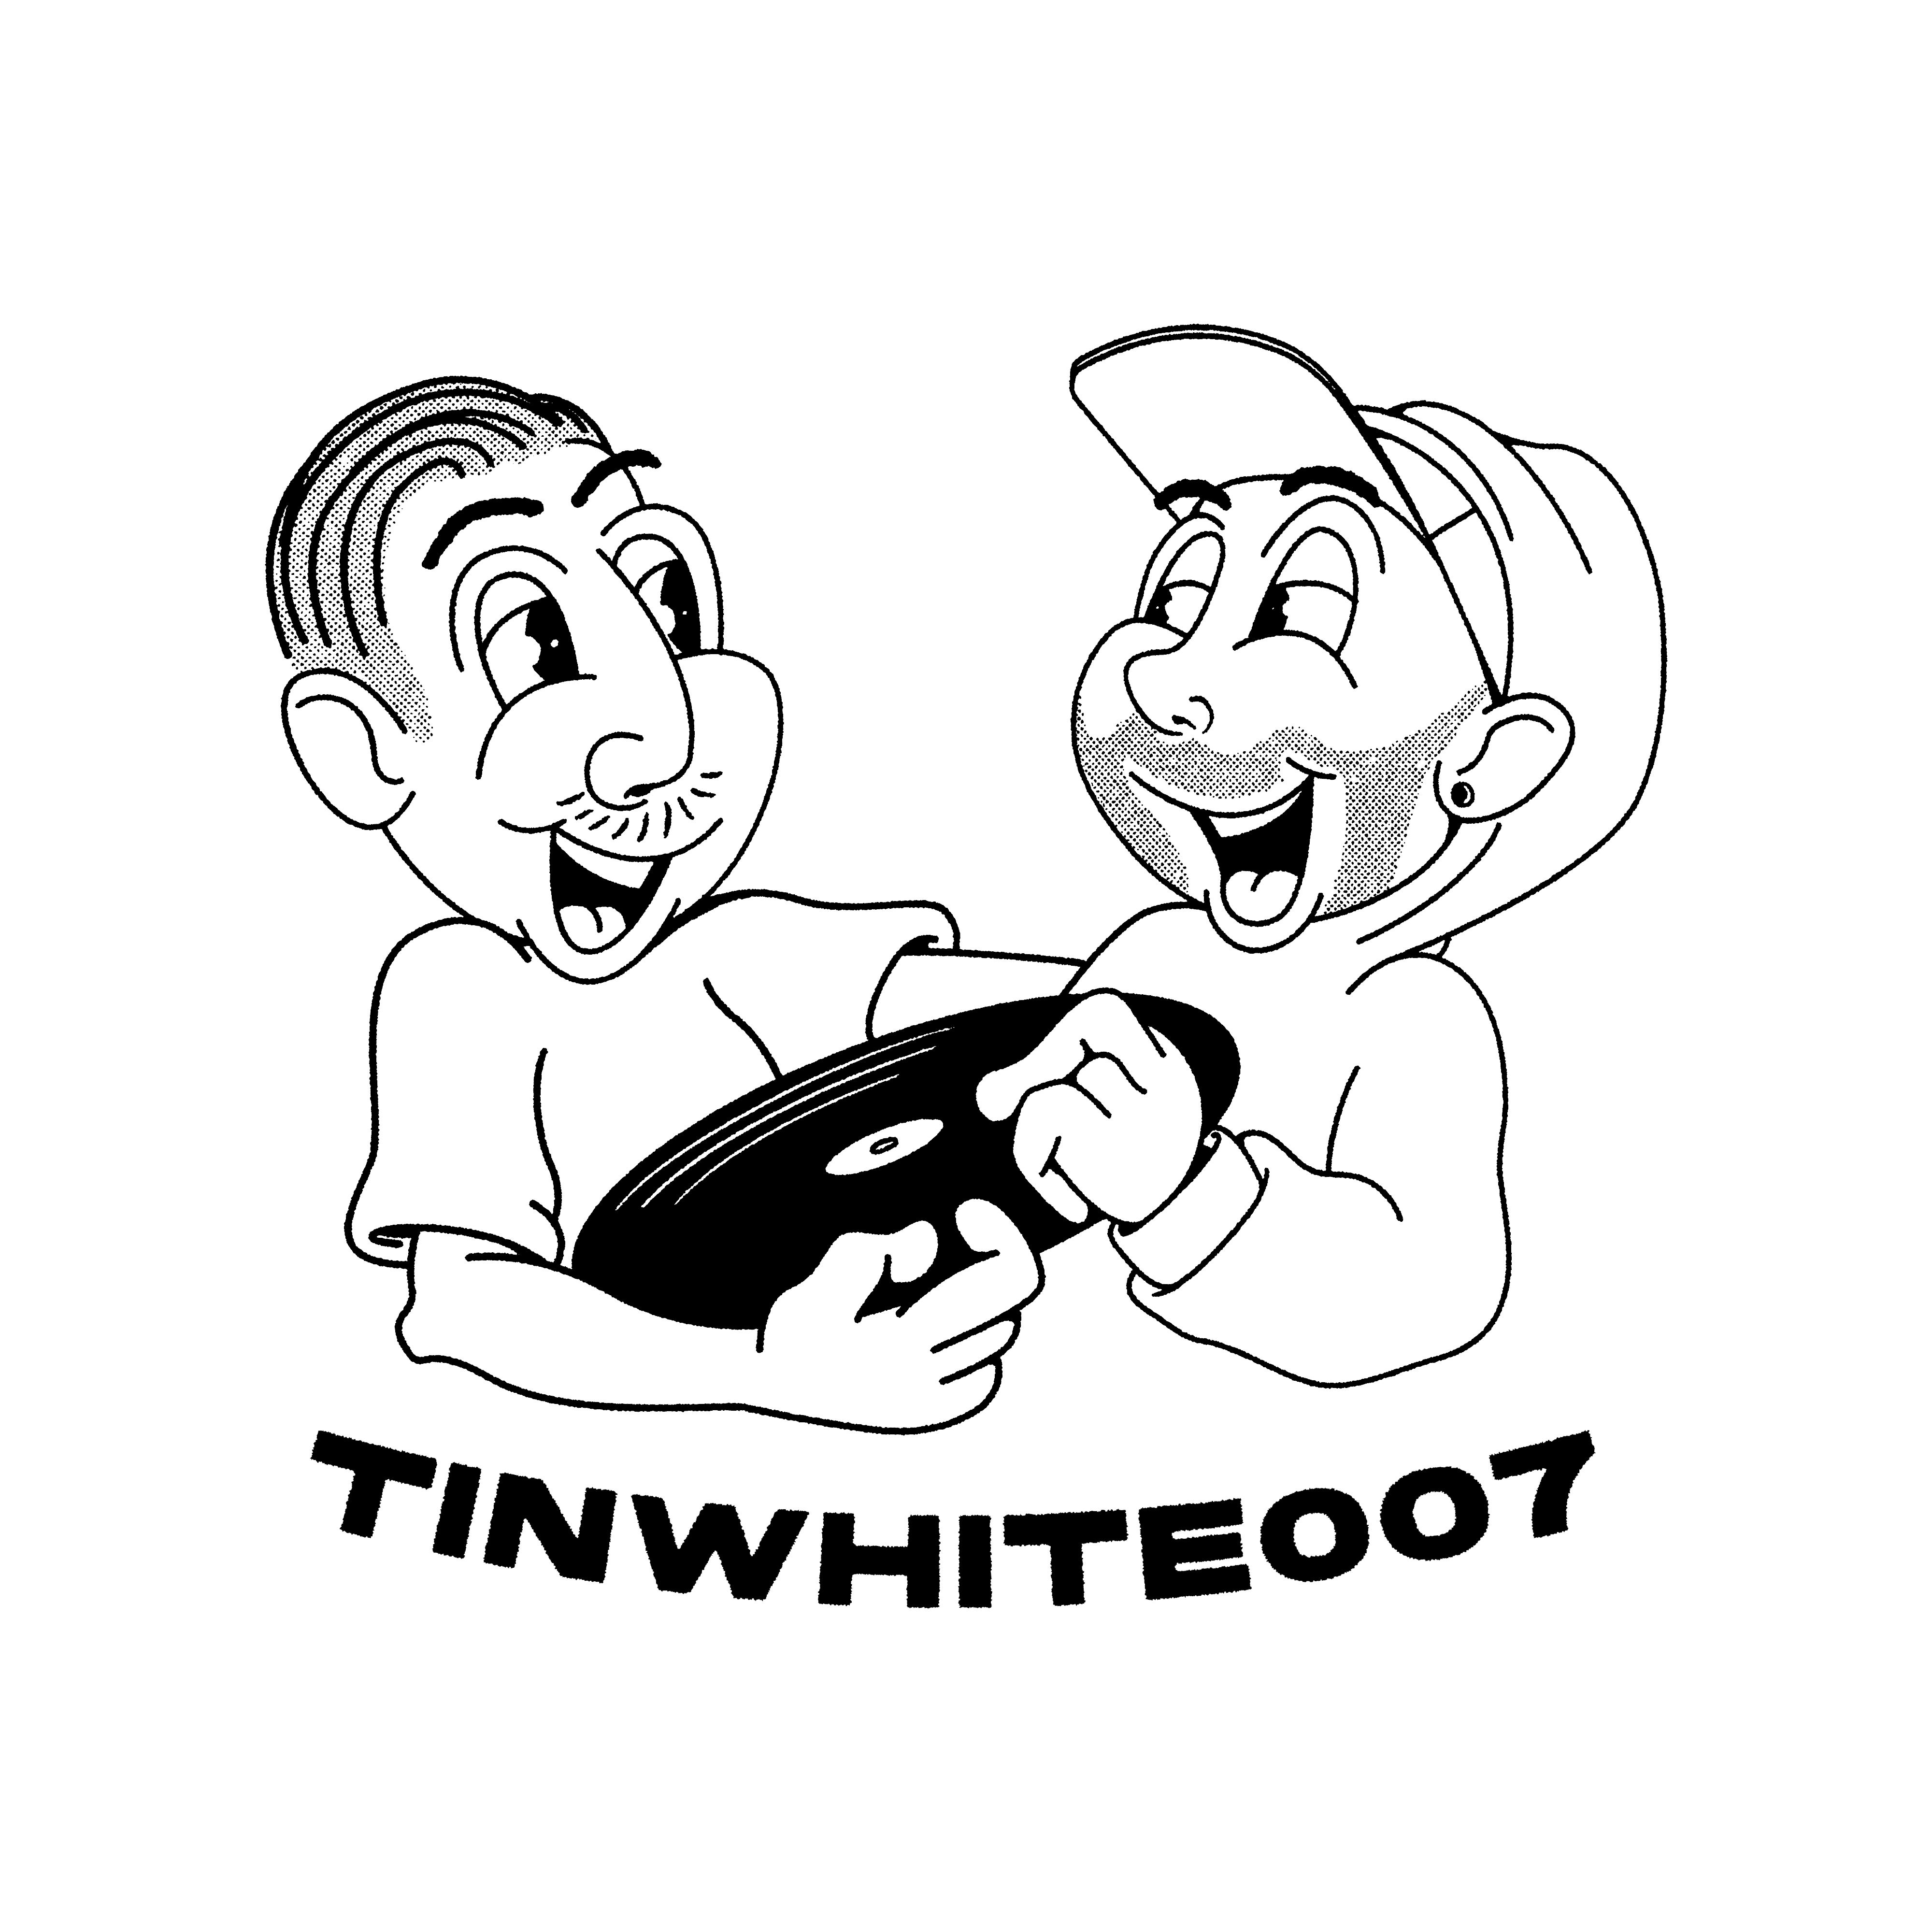 Stiahnuť ▼ TINWHITE007 // Frankel & Harper - Time Is Now White Vol.7
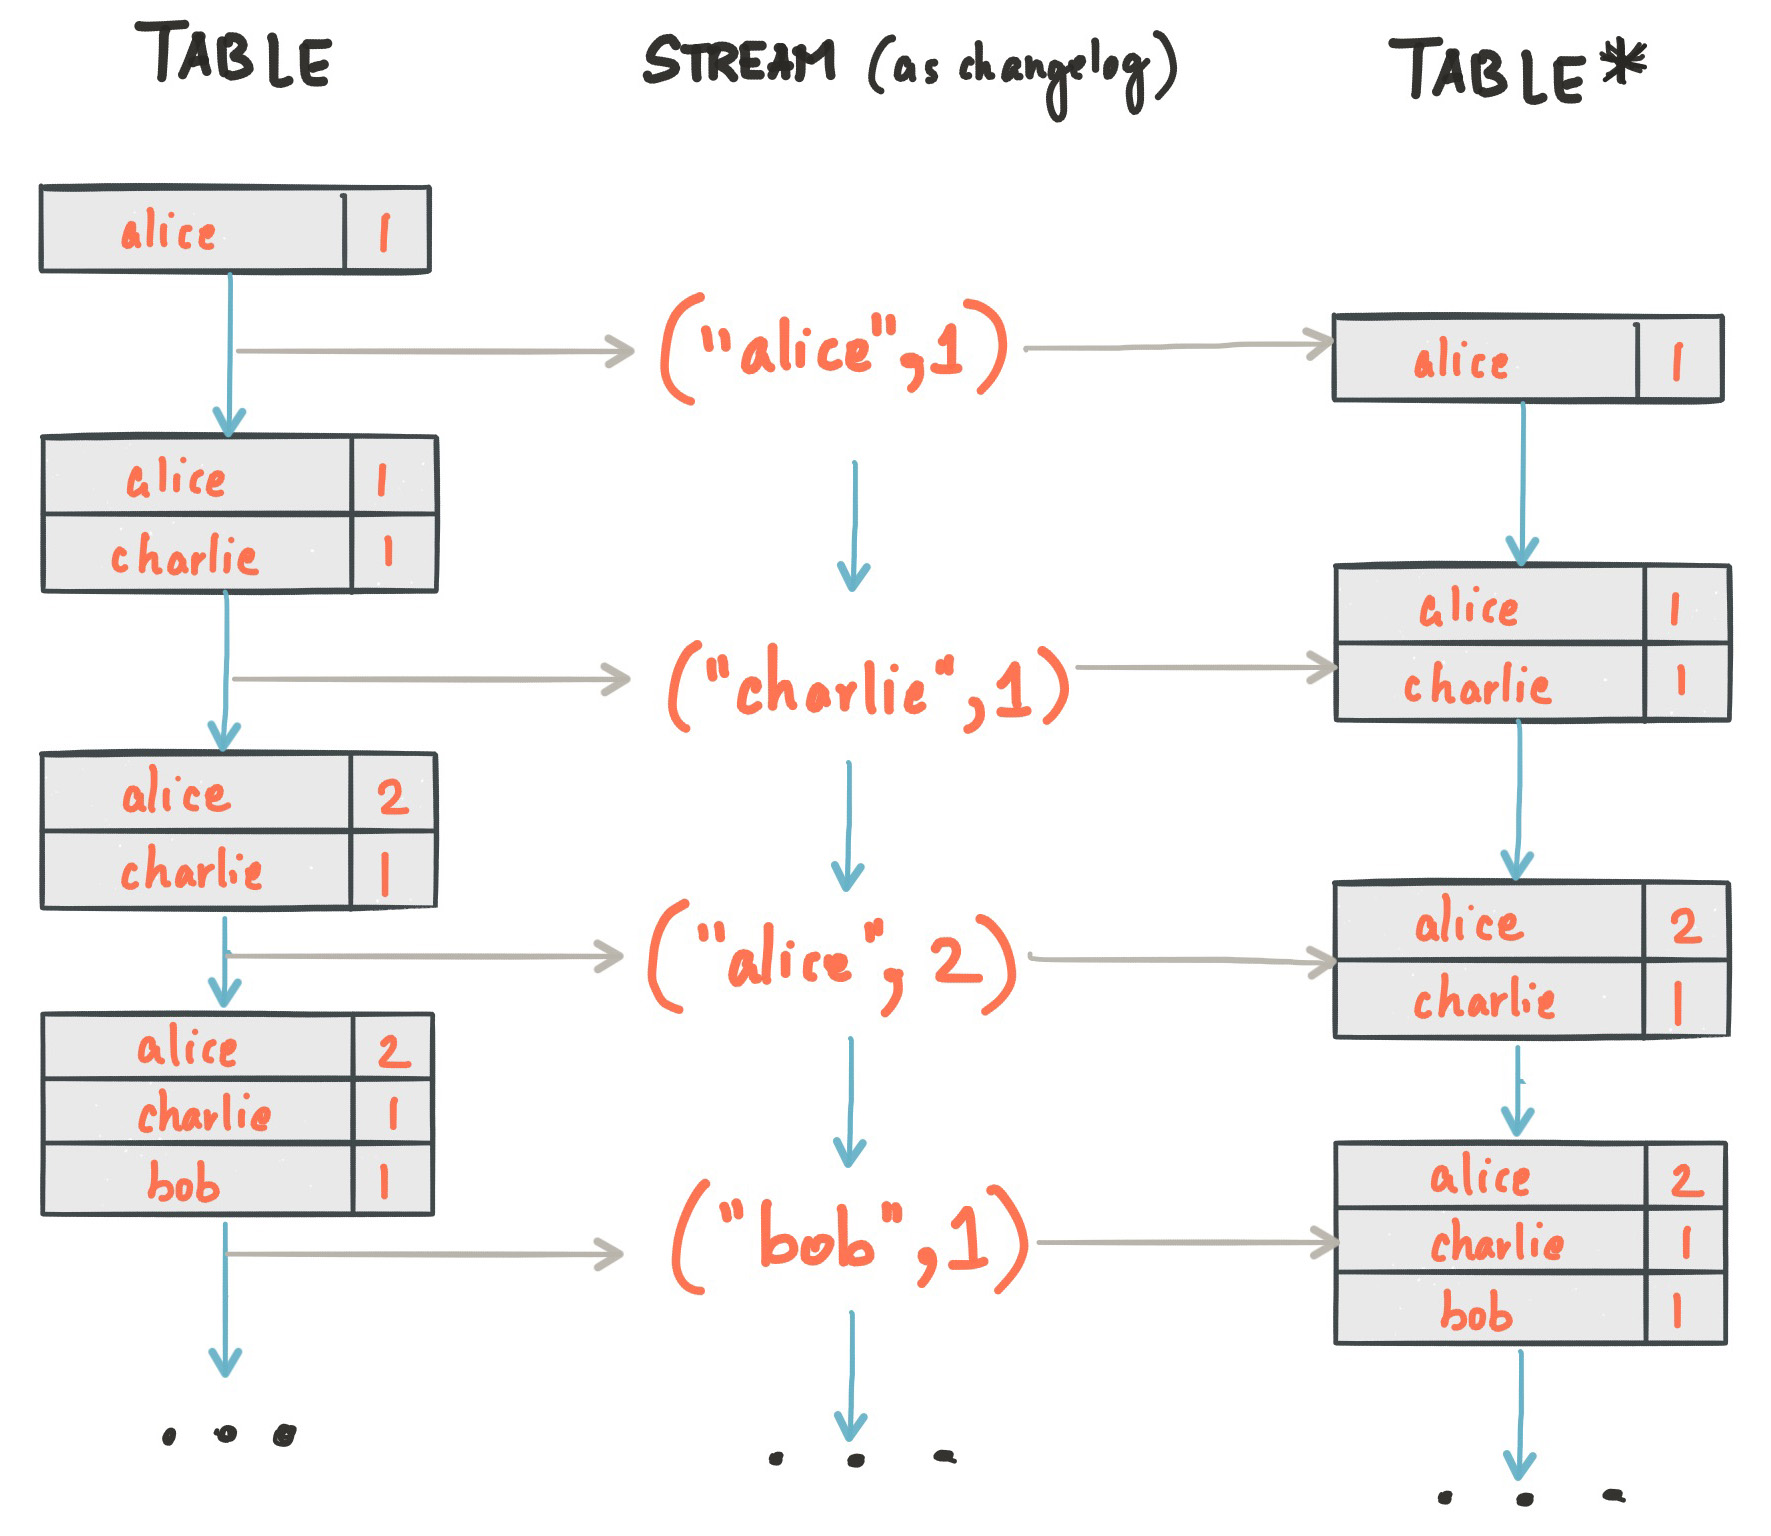 streams-table-duality-03.jpg
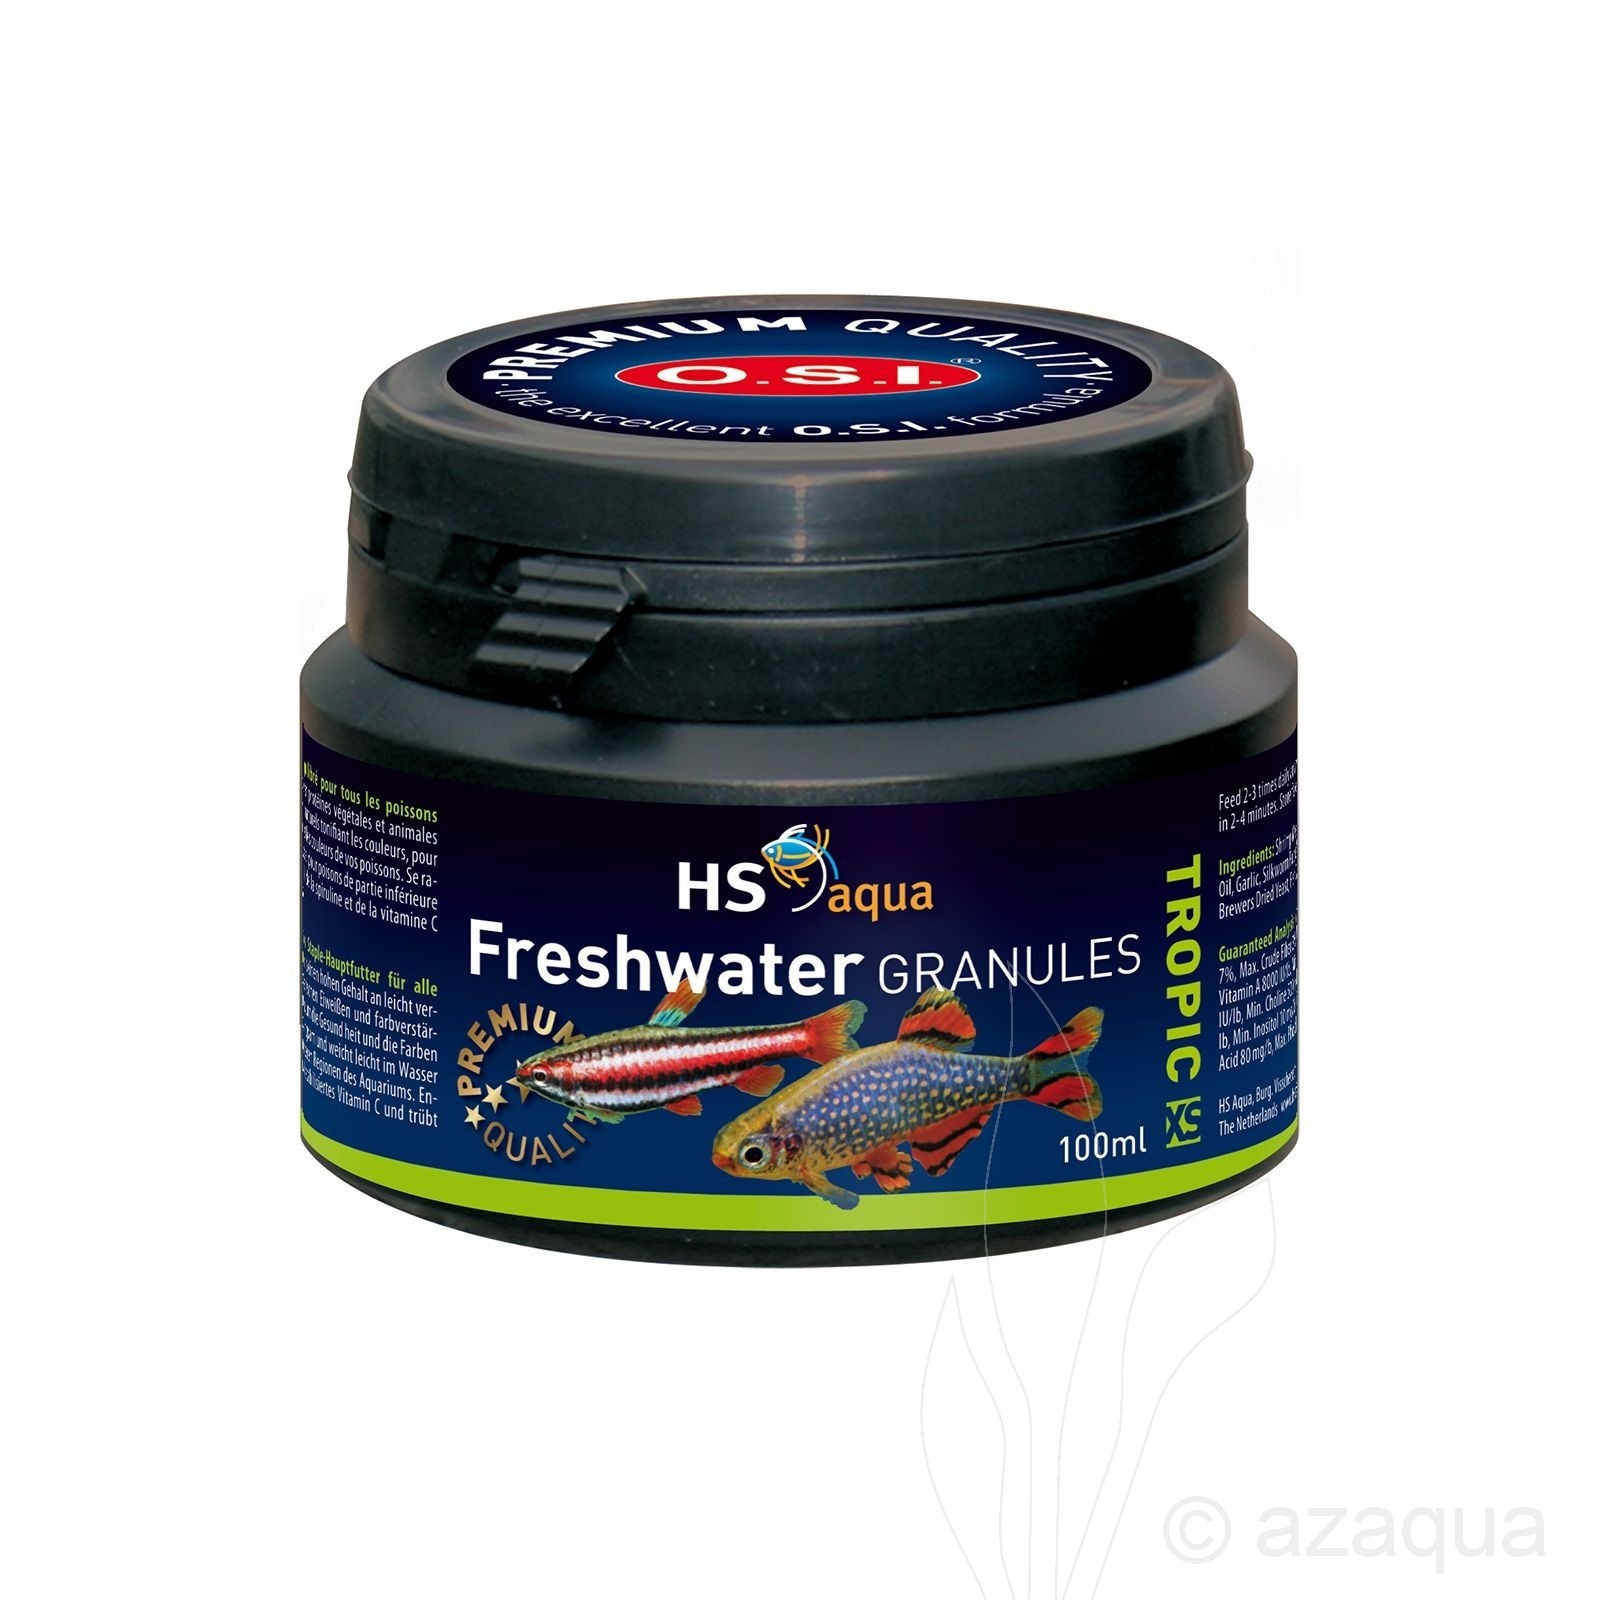 HS Aqua Freshwater Granules XS 100ml

* * *

§ **ABOUT THIS TASK**: Except for the pictures, please retype the listing above exactly.

§ **OUTPUT OF THE EXERCISE**:
 Stiahnuť ▼ TINWHITE007 // Frankel & Harper - Time Is Now White Vol.7
 streams-table-duality-03.jpg
 HS Aqua Freshwater Granules XS 100ml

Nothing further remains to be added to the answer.